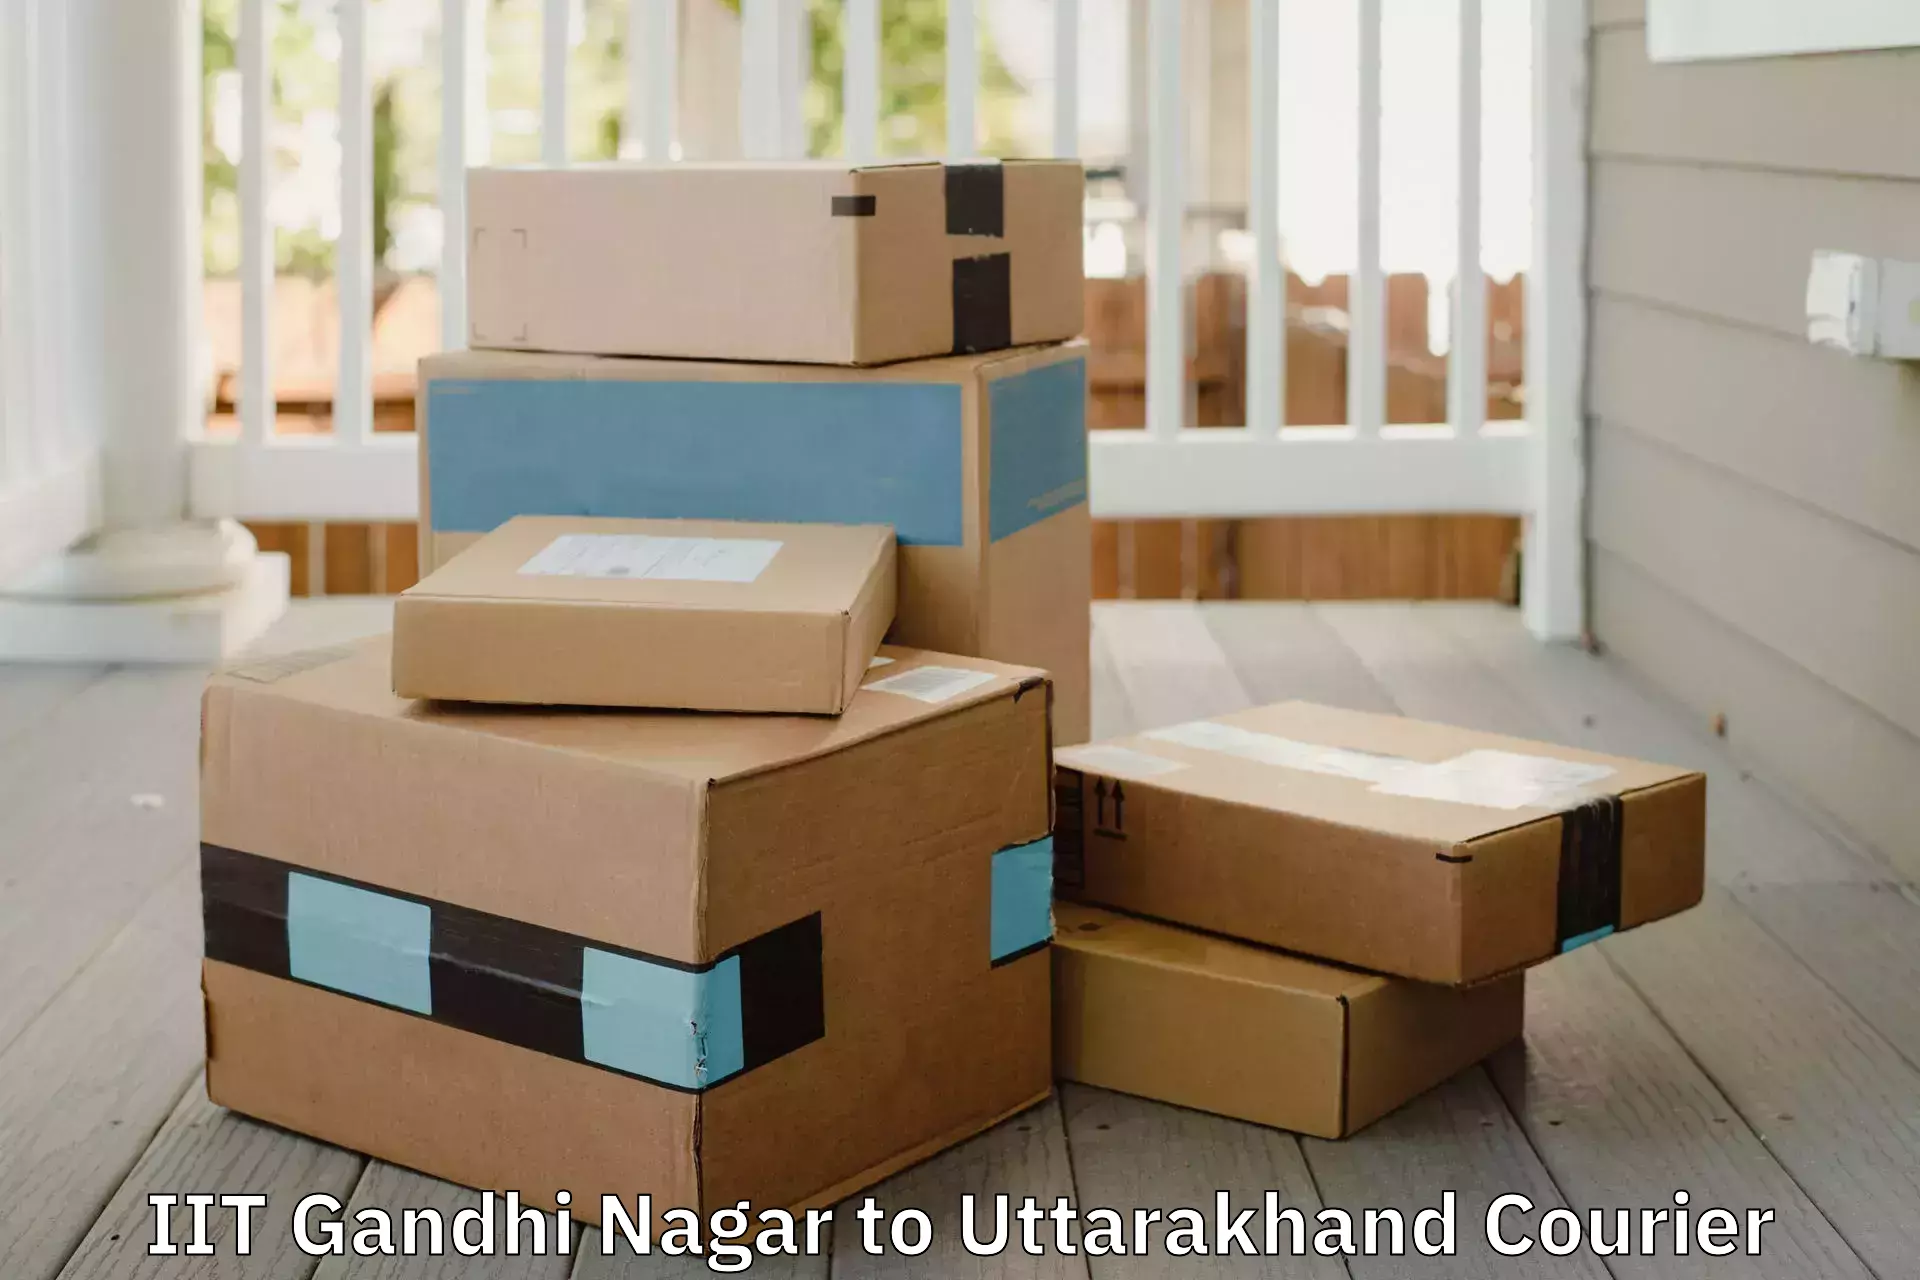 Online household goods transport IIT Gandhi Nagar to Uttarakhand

==

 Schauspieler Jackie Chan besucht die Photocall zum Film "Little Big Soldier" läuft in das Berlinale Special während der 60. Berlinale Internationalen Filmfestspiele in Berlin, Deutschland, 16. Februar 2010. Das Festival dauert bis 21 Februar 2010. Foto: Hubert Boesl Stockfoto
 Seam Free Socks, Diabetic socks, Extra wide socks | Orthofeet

▸ **TASK STATEMENT**:
All that is wanted is a faithful reproduction of the line above with "Schauspieler Jackie Chan", the line with "Seam Free Socks, Diabetic", and every line in between.

▸ **ANSWER**:
 Schauspieler Jackie Chan besucht die Photocall zum Film "Little Big Soldier" läuft in das Berlinale Special während der 60. Berlinale Internationalen Filmfestspiele in Berlin, Deutschland, 16. Februar 2010. Das Festival dauert bis 21 Februar 2010. Foto: Hubert Boesl Stockfoto
 Seam Free Socks, Diabetic socks, Extra wide socks | Orthofeet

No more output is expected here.